Dancing Rain won, we reviewed the finish then cut to a 90-second promo for a basketball game. I immediately turned to Ran. “Oh no. What did I say?”

“You said that Dancing Rain has gone three corpses clear”, he chuckled, “but it’s so cute”.

“How? I mean, what did I say?”

“You said ‘gufot’ instead of ‘gufim’, (n. Israeli racing parlance for lengths – the distance between one horse in front of another) – probably because the horses were female. It’s only a tiny mistake. You put the feminine instead of the masculine on the end of the word. But don’t worry – you’re British!”

And then, just this week, the latest IVS incident to strike me down and humble me in front of my own children – again. Having lunch with my two daughters at a local cafe whilst suffering from a nasty head cold, I felt I was just about to sneeze and realised I had forgotten to bring any tissues. Hurriedly summoning the waitress, I asked her to bring me a “mapa” to blow my nose.

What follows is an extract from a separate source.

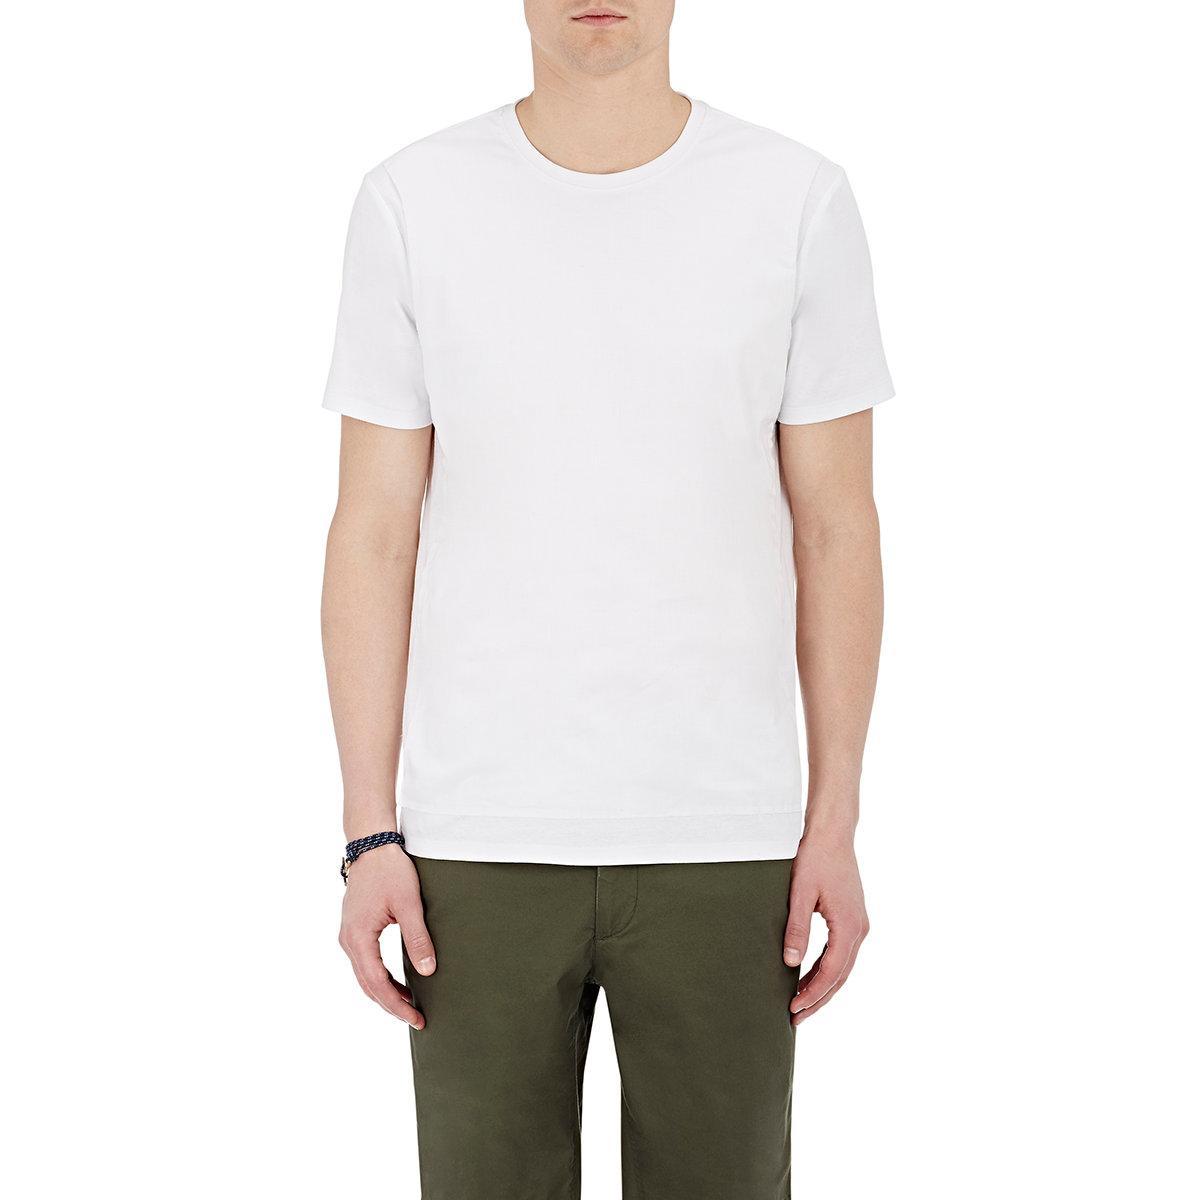 Atm gauze front t in white for men lyst for Atm t shirt sale
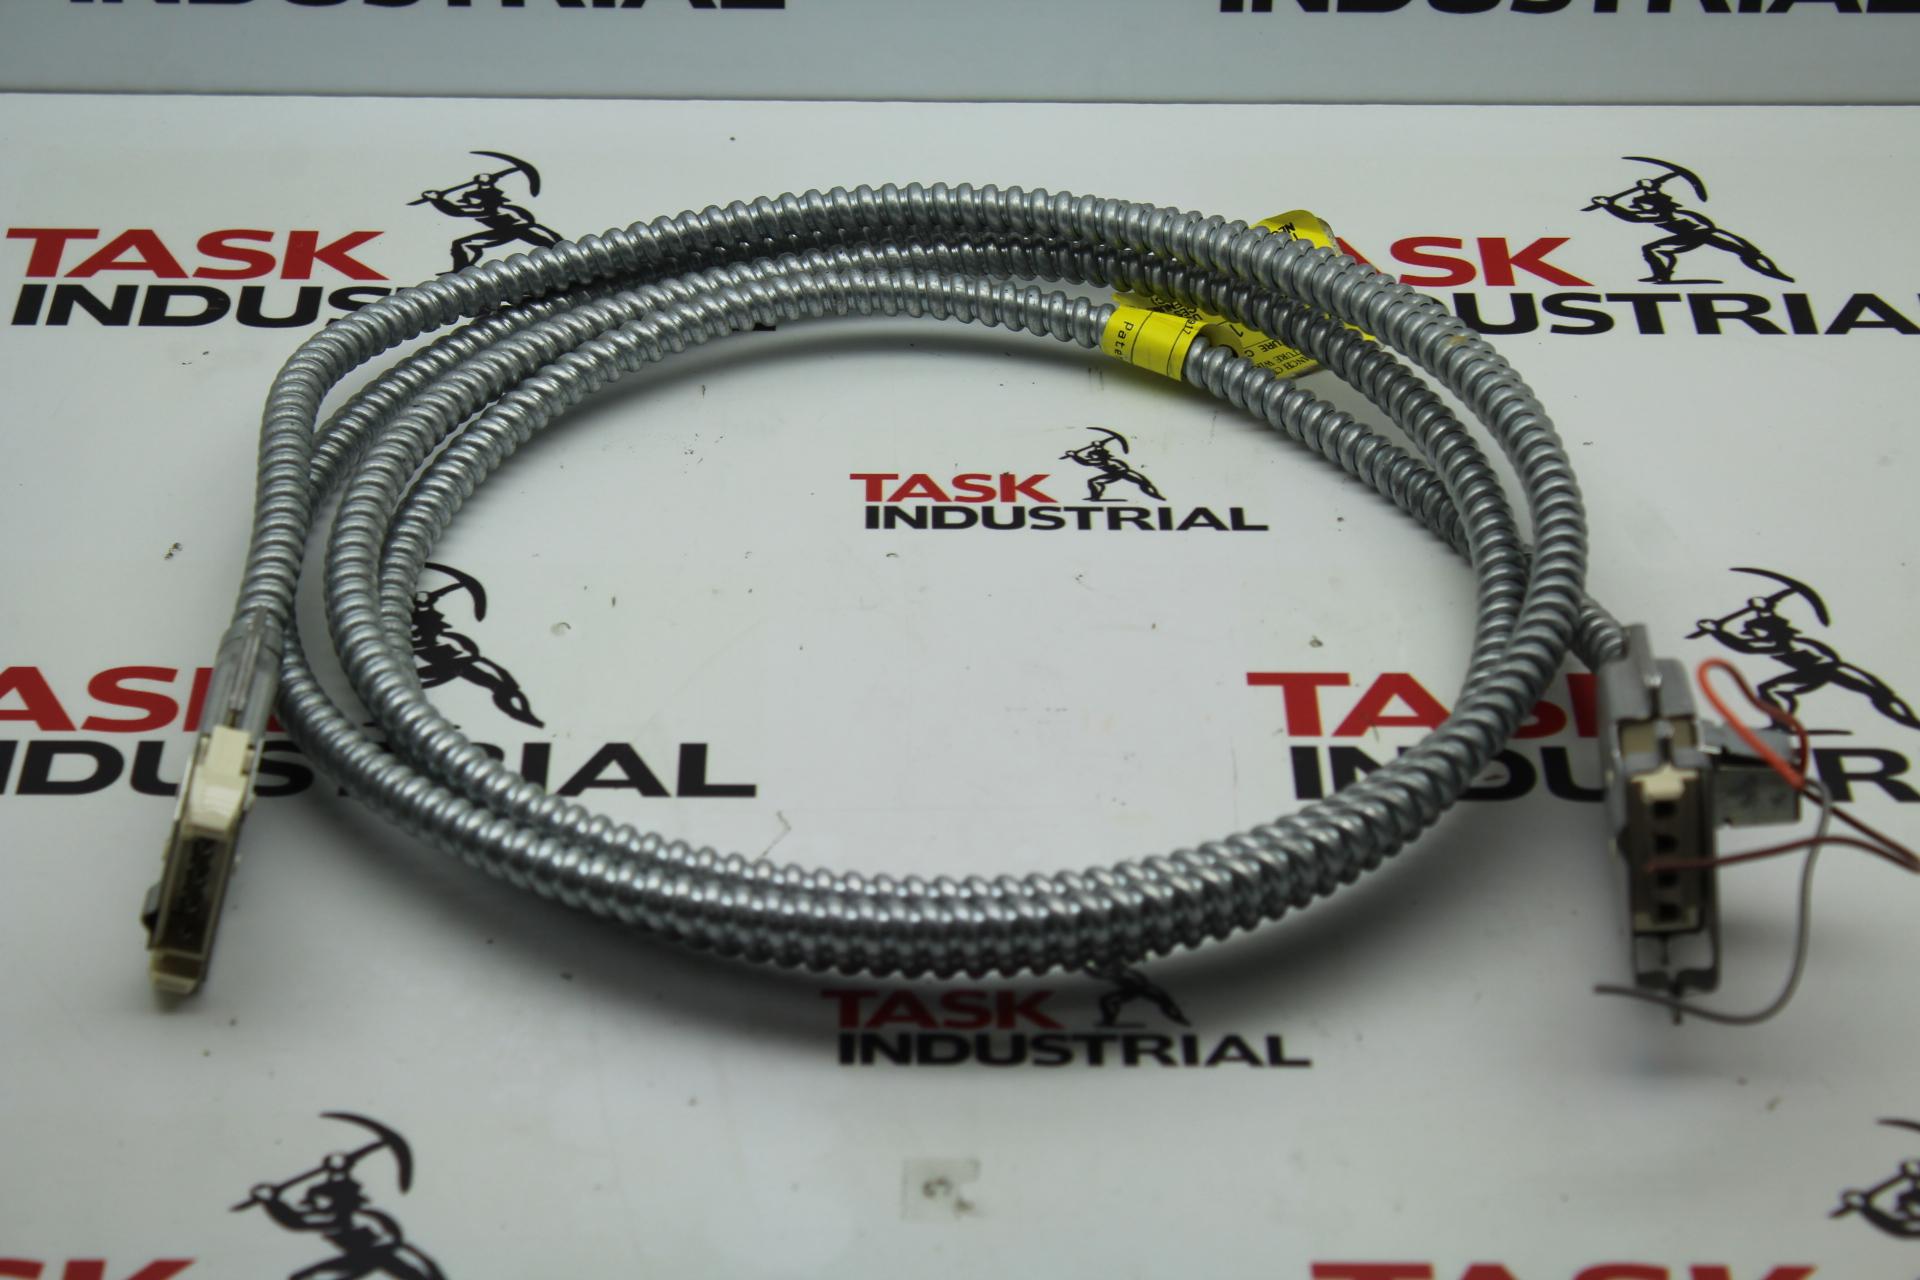 Lithonia QFC277 12/3G11 Quick-flex Fixture Cable

“Daddy”, said my younger daughter, “your nose isn’t so big you need a tablecloth to blow it!” (So there’s one Jewish stereotype blown to smithereens!) I’d asked for a ‘mapa’ (tablecloth), instead of a ‘mapit’ (napkin/serviette).

In response to a Facebook comment on his witty and well observedThe top 14 facts they forgot to tell you about aliya,’ fellow Times of Israel blogger Neil Lazarus shrewdly suggested that “…happiness is not achieved by negating one’s past – but by blending it with the future”. I couldn’t agree more. You must continue to speak English with your children – it’s a huge gift to have the world’s most widely spread language as a mother tongue – but always try your best to at least have some basic command of Hebrew. Without it Anglos will become a ghettoised community and never have a cat in hell’s chance of eventually integrating into everyday Israeli life. So don’t let IVS get you down. Let’s fight it as one and stand together. Believe me, you’ll feel so much better once it’s out in the open.

The sage words of the much missed Officer Crabtree can well be applied to the collective Anglo experience in this frustrating, hilarious, heart-warming and sometimes (I’m afraid to say), highly embarrassing country, when he admitted his language frailties but remained solidly with the resistance, simply shrugging his shoulder and stating, “I admit my Fronch cod be butter”.